Pero hay más. Esta ayuda europea coincide en el tiempo con el Pacto por la Recuperación suscrito por la mayoría de partidos presentes en el Congreso de los Diputados, con la finalidad de potenciar aquellos sectores de nuestro país que deberán robustecerse para poder hacer frente a futuros retos de magnitud como el de la pandemia. En especial, el de la sanidad, sector tan castigado por las políticas de austeridad implementadas durante la pasada crisis económica de 2008. Pero, con él, también aquellos otros servicios esenciales que han estado a punto de colapsarse durante esta pandemia del coronavirus e igualmente “adelgazados” de recursos materiales y humanos.
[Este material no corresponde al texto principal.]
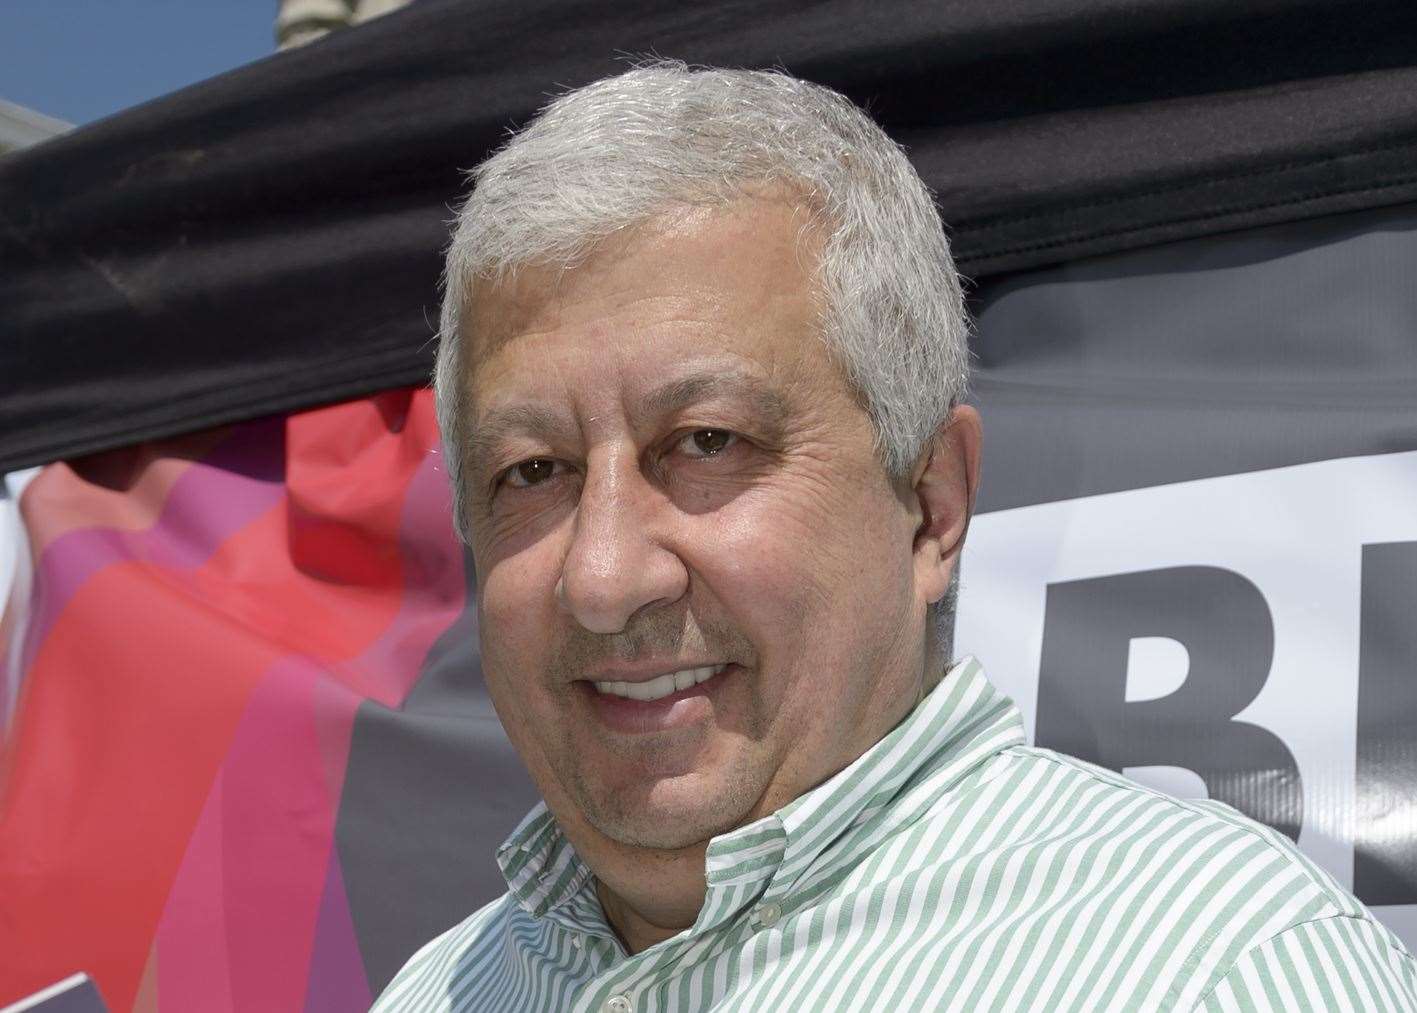 Ali El-Hajj, owner of the Maidstone McDonald's franchises

A ese Pacto por la Recuperación se añade, además, la decisión del Gobierno de “repartir” recursos económicos suplementarios a las Comunidades Autónomas con los que financiar los sobrecostes que ha supuesto afrontar la crisis sanitario-económica de la covid-19. Esta cesión de ayudas está todavía en discusión, pero en su conjunto -la europea, la estatal y la autonómica- conforman tres vías de socorro que deberían permitir a nuestro país remontar la actual situación de crisis social (sanitaria) y económica (recesión y desempleo) que nos ha dejado un simple virus pandémico. Pero me asalta una duda: ¿sabremos aprovecharlas?